A MARITIME loophole allowed 600 cruise ship workers from India to fly here and avoid compulsory hotel quarantine.
It was only closed after worried civil servants raised the alarm, amid fears that the Indian Covid variant will delay lockdown ending.
🔵 Read our coronavirus live blog for the latest updates
Passengers stuck on “death ships” last year at the height of the pandemic were stunned at the revelation, with some considering pulling out of trips this month.
Some 600 cruise ship employees travelled from “red-list” India through Heathrow on May 13 and 14 and were not put into immediate ten-day isolation at hotels.
Instead, the arrivals — mostly Indian nationals with some Filipinos — were classed as seafarers.
As such, they were allowed to go to ports, including Southampton, under a rule designed to stop Naval ratings having to quarantine.

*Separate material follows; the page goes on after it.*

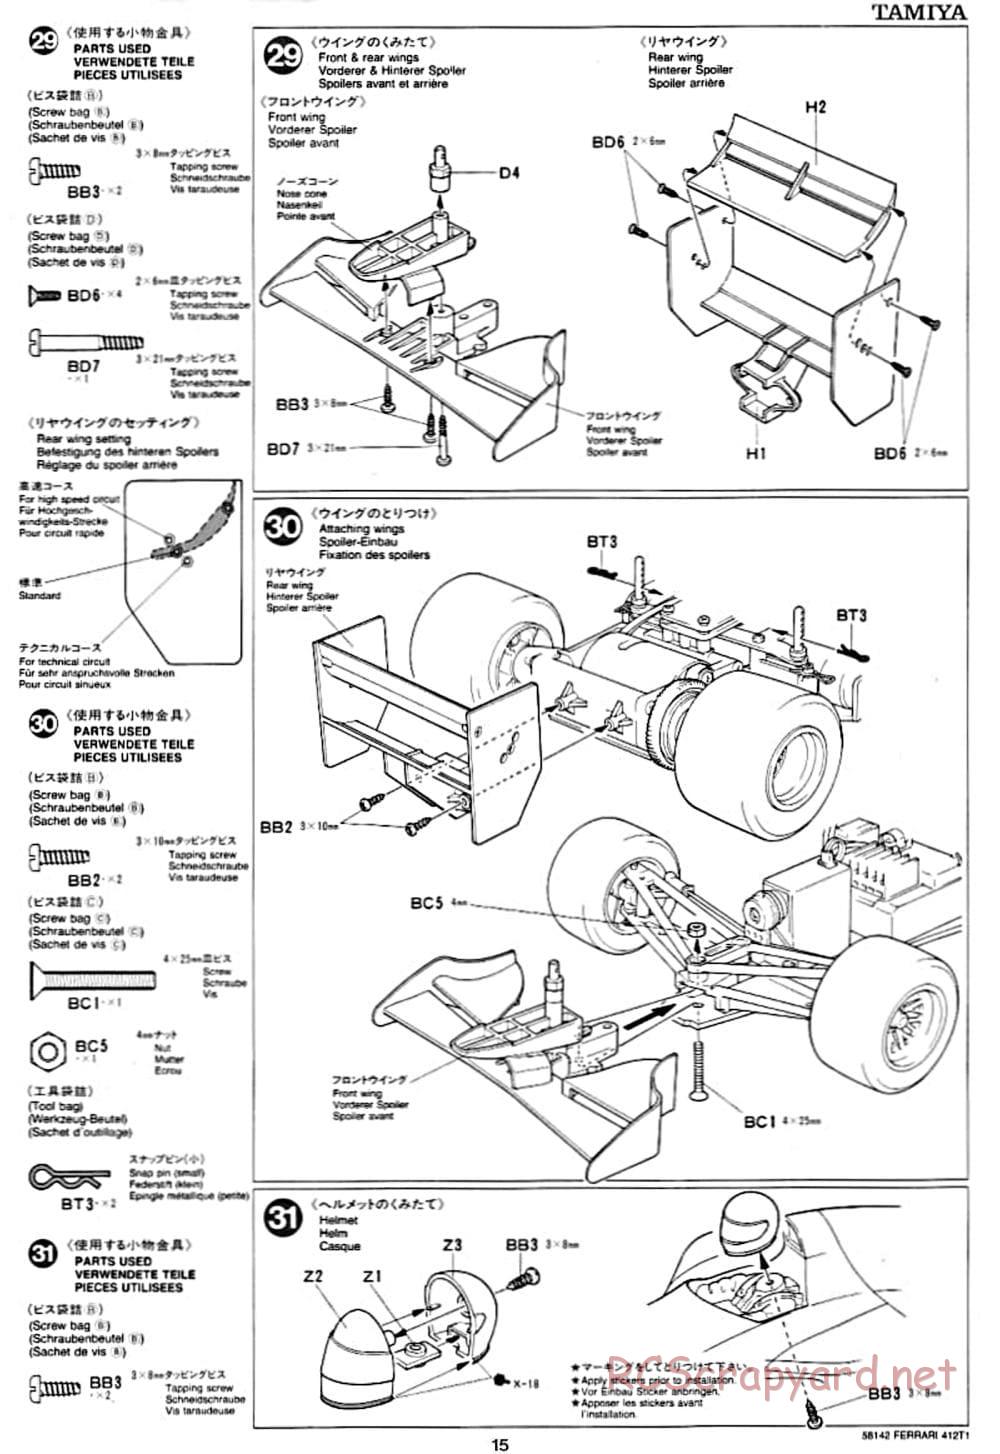 Tamiya - Ferrari 412T1 - F103 Chassis - Manual - Page 15

The loophole was shut on May 19 after concerns were raised with Transport Secretary Grant Shapps by furious civil servants.

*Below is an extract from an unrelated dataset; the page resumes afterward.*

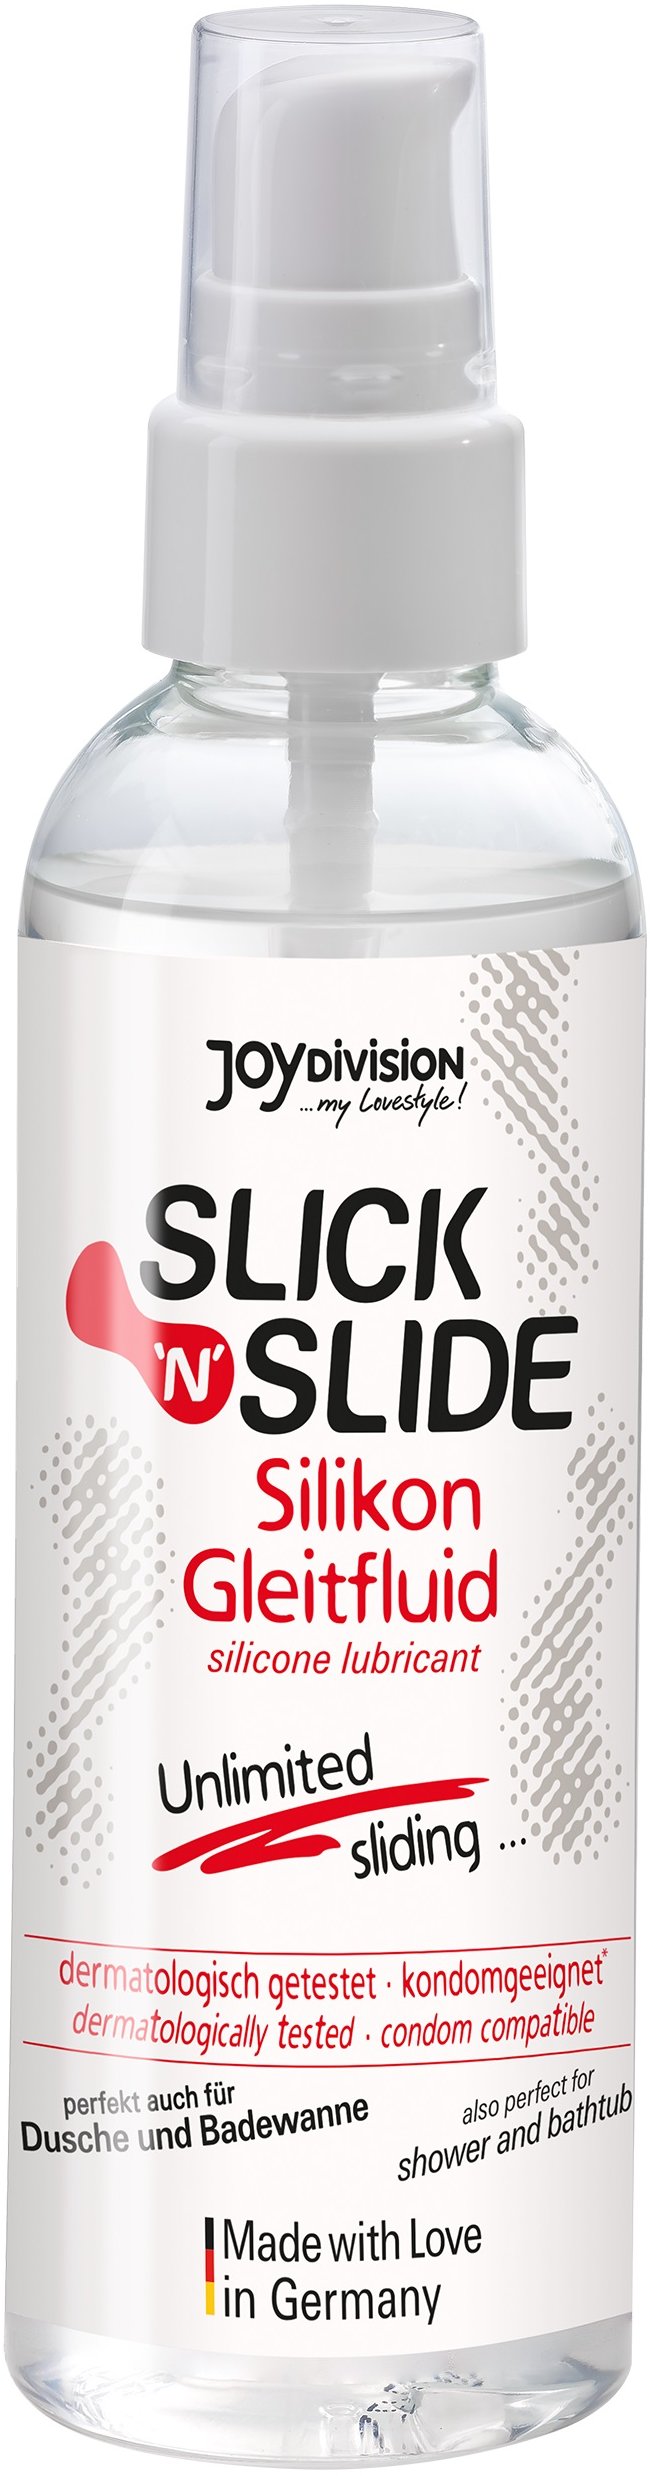 

Лубрикант JoyDivision - SLICK'n'SLIDE, 100 мл

Cruise crew travelling from red-list countries such as India must now quarantine in airport hotels.
'NO CONTROL OF OUR BORDERS'
But Shadow Immigration Minister Bambos Charalambous fumed last night: “It’s scandalous and shocking that such a loophole existed. It could mean we are facing lockdown for longer.
“It just shows the Government hasn’t had a grip on control of our borders. It’s another example of them not fully grasping the problem that we are facing.”
A Whitehall source claimed ministers were unaware of the loophole. They said: “This is unbelievable and a scandal at a time when the Indian variant is running rampant. A lot of ministers and civil servants did not know this loophole existed and are demanding answers.
“It is crazy these workers were allowed to go on to cruise ships, which are perfect breeding grounds for Covid.
“We saw complete chaos last year when people had to quarantine on cruise ships. No one wants a repeat of that.”
It’s scandalous and shocking that such a loophole existed. It could mean we are facing lockdown for longer.
The source went on: “There were moves to close the loophole, which has now happened. But it’s a case of closing the stable door after the horse has bolted.
“This was absolutely shambolic and it beggars belief how it was allowed in the first place.”
One cruise ship, Royal Caribbean’s Anthem of the Seas, left Southampton at 5pm on Friday for a week-long voyage.
It is not known if any of the 600 who arrived from India on May 13 and 14 were on board.
Foster carer Sharon Lane, 59, was one of 140 Brits trapped on the “death ship” Grand Princess off the US coast when the pandemic took hold last March. She blasted: “I’d be absolutely fuming if I got on one of those cruises.
“I’d be horrified to think some of the staff had flown from India and not had to quarantine at the airport. It seems a clear risk to public health.”
Sharon, from Hinckley, Leics, was planning a £1,070, seven-day trip around the British Isles with pals, boarding the MSC Virtuosa on June 19.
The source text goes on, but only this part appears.